AO wird sich strecken müssen
Ich bin mir nicht sicher, wie die Aussagen von AO einzuschätzen sind. Gerade in dieser Branche scheint es mir nicht so, als hätte sie auf den Category-Killer noch gewartet. Im Gegenteil, scheint mir der Markt hier anbieterseitig durchaus bereits sehr gut besetzt. Im Wiwo-Artikel, gibt es einige weitere Faktoren die gegen einen „Durchmarsch“ von AO in Deutschland sprechen.
wiechert leipzig meint
Nunja,
dass das einzig Profitable im Versandhandel die „Zahlpause“ oder „Ratenzahlung“ ist, ist ja kein wirklich neues Phänomen.
Marco meint
Mal wieder der alte Trick: Polarisieren, um den Mediendurchsatz zu erhöhen.
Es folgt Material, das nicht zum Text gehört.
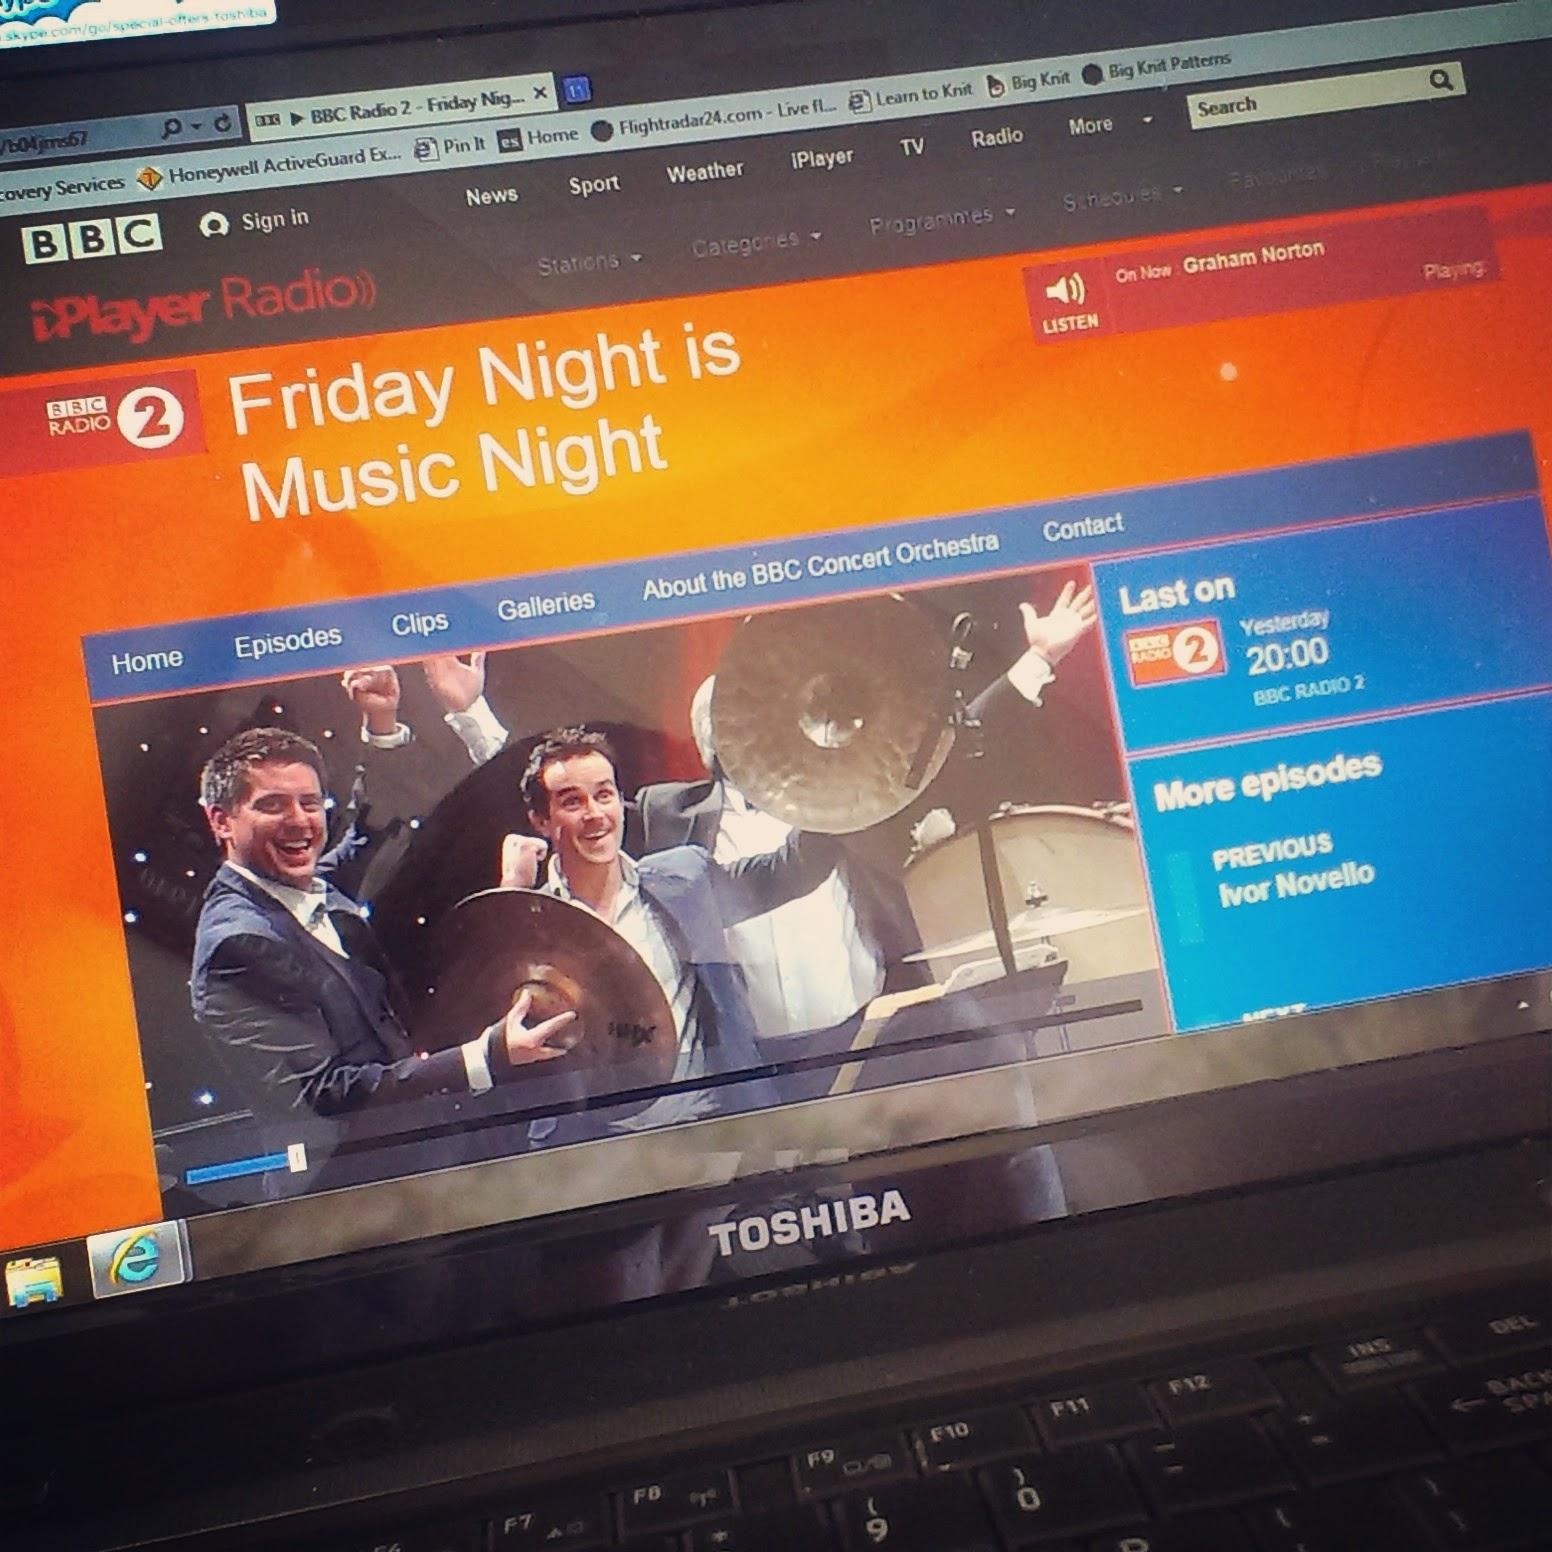 Listening to Friday Night is Music Night

Ich kann nur sagen, meine bisherigen Erfahrungen mit britischen Händlern, die unter .de Domains arbeiten sind mehr als ernüchternd.
Service habe ich nicht erlebt. Ganz im Gegenteil, deutsches und europäisches Recht wird mit Füßen getreten.
Telefonisch nicht erreichbar, Mails werden nach 1-2 Wochen und mehreren Aufforderungen mit Textbausteinen beantwortet, Rücksendungen müssen selbst bezahlt und nach UK geschickt werden.
Und an die fehlerhaften gesetzlichen Vorschriften wie Impressum und Widerrufsbelehrung scheinen sich die sonst so umtriebigen Abmahnvereine nicht ran zu trauen.